_Exercise:_
Using the material below, repeat exactly the lines from the one with "Weihnachten oder Winter" through the one with "Nike T-shirt Kadın / At5464-394", ends included, without any images.

_Available records:_
*** Block opens ***

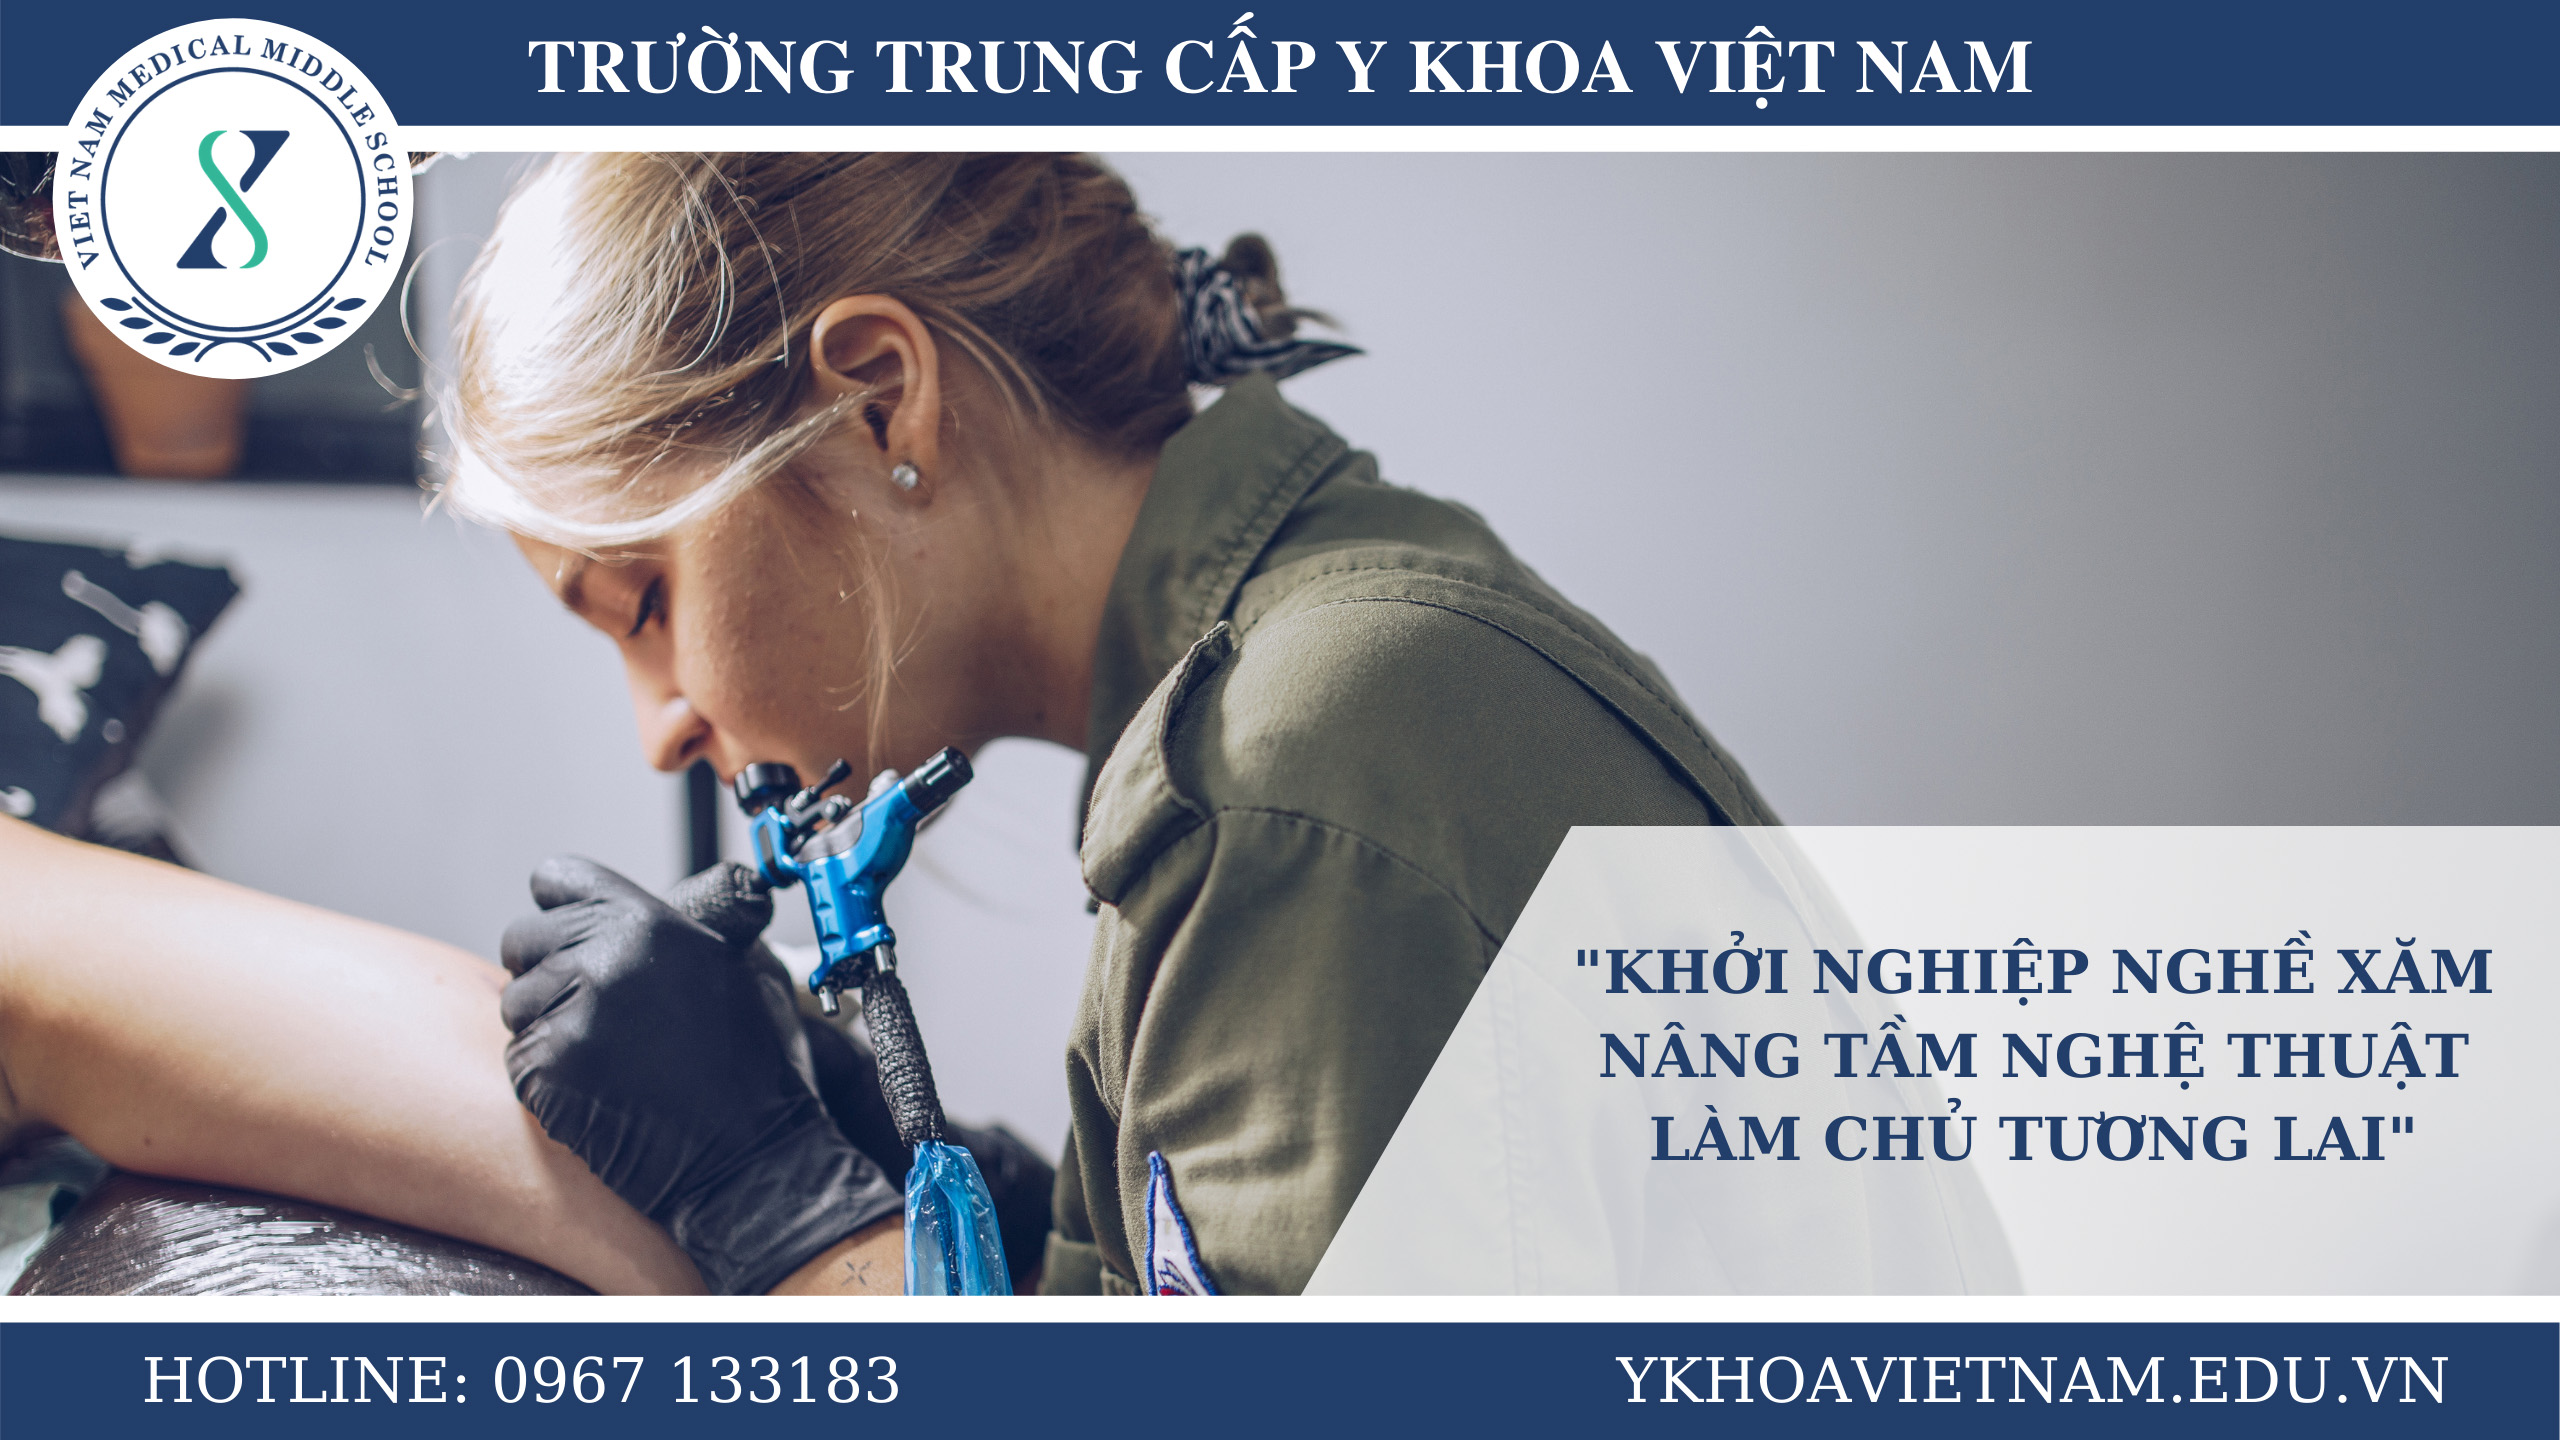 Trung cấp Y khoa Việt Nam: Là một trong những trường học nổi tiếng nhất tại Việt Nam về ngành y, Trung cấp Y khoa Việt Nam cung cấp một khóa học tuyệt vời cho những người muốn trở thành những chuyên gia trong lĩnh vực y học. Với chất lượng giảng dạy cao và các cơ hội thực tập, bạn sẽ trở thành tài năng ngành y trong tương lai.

*** Block closes ***
*** Block opens ***

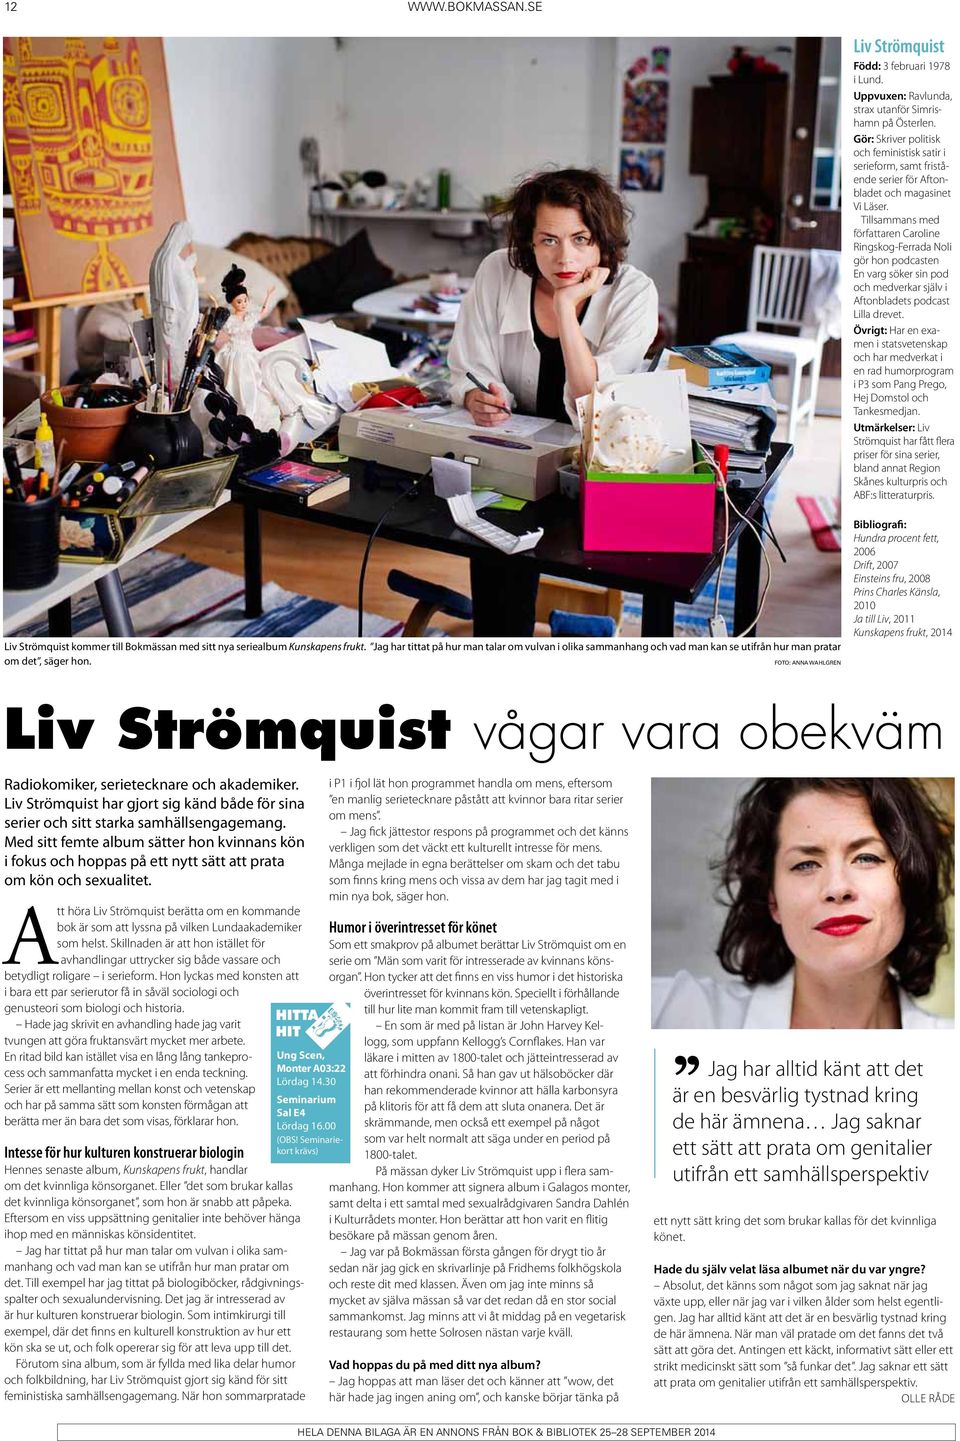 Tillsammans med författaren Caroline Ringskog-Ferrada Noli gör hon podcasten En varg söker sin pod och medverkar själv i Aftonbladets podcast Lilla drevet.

*** Block closes ***
*** Block opens ***

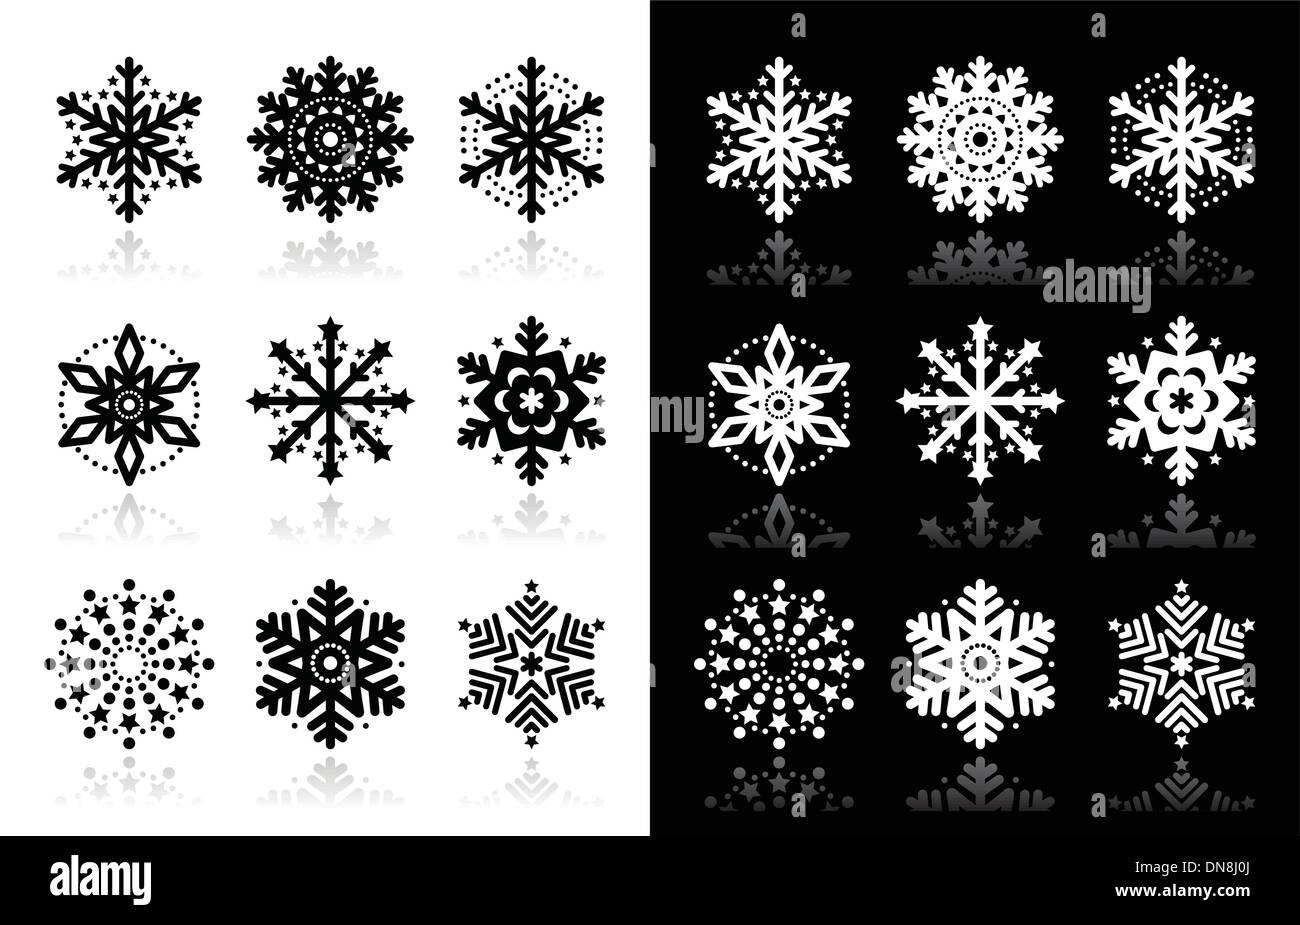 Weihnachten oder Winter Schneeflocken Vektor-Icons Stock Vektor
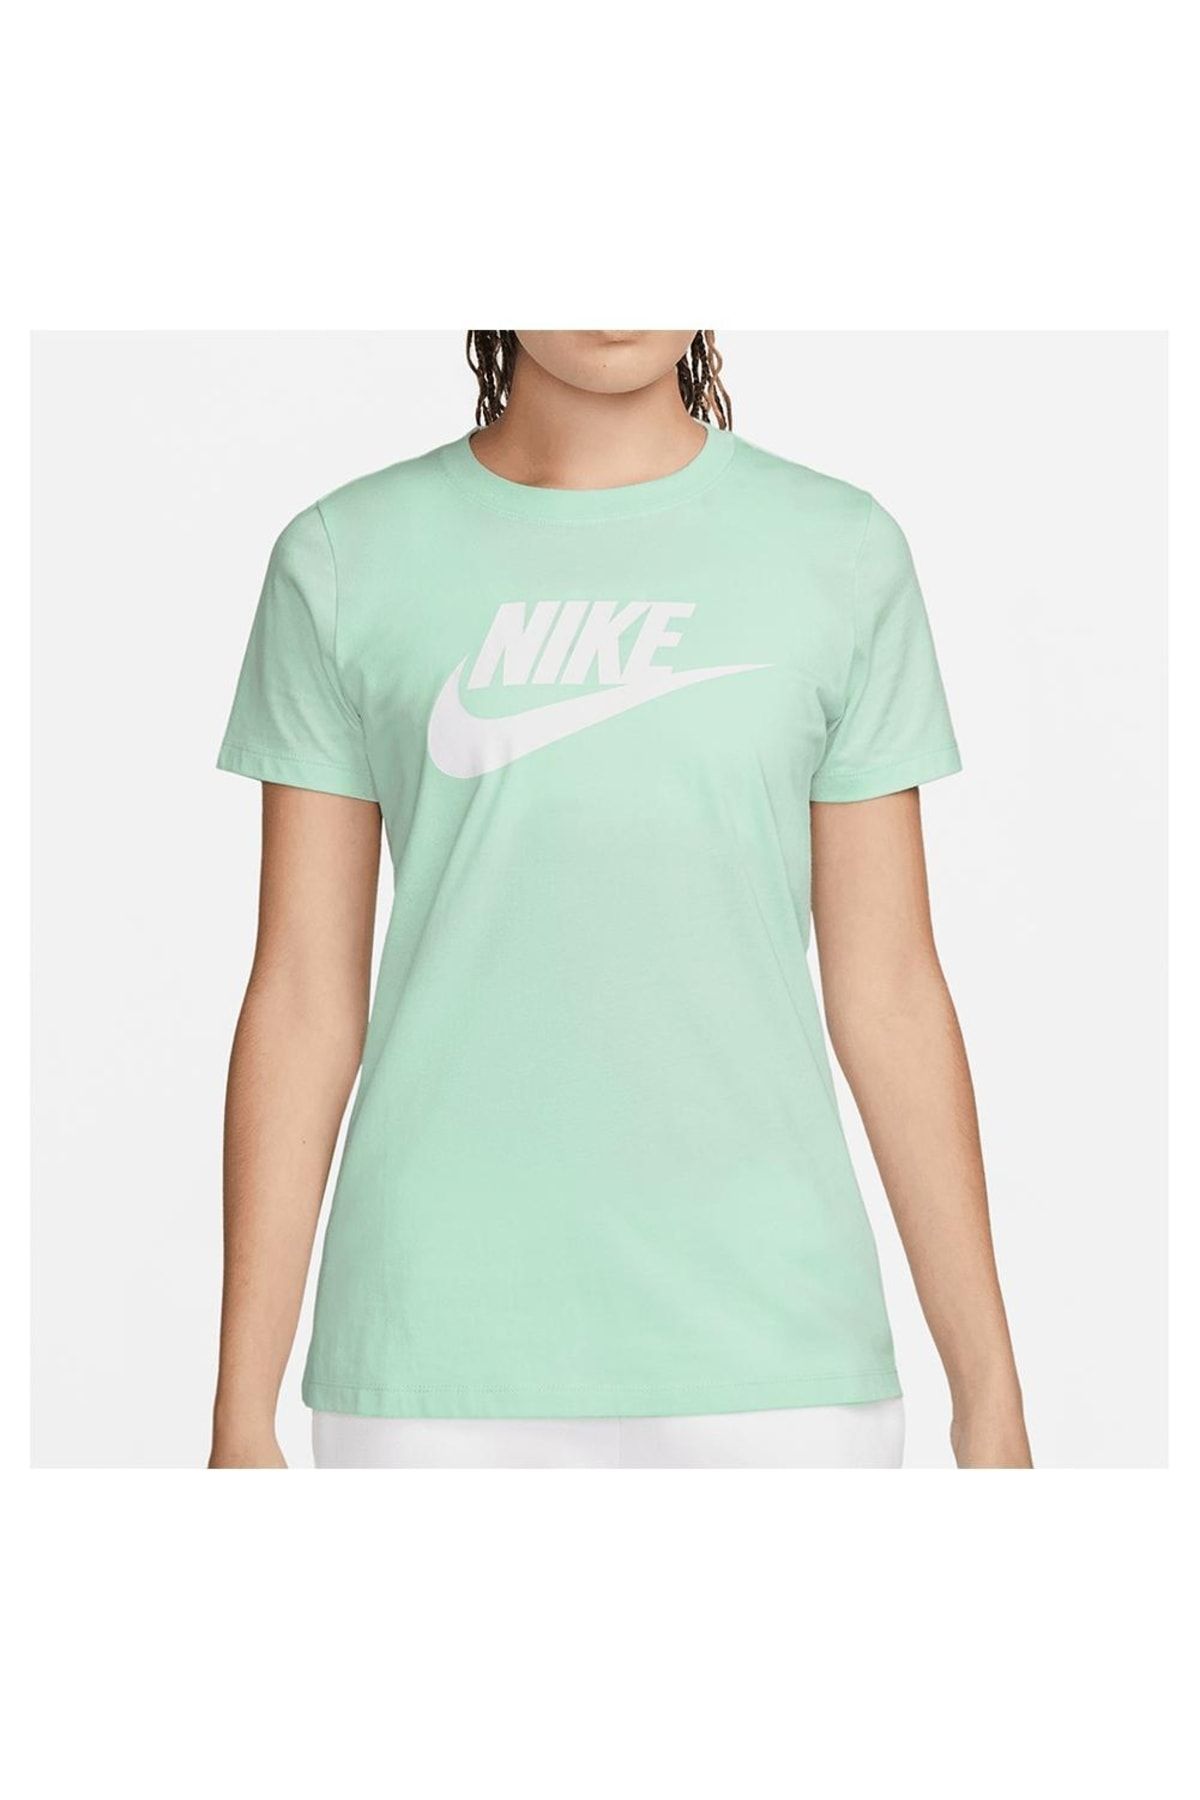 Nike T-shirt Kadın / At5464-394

*** Block closes ***

_Answer space:_
 Weihnachten oder Winter Schneeflocken Vektor-Icons Stock Vektor
 Nike T-shirt Kadın / At5464-394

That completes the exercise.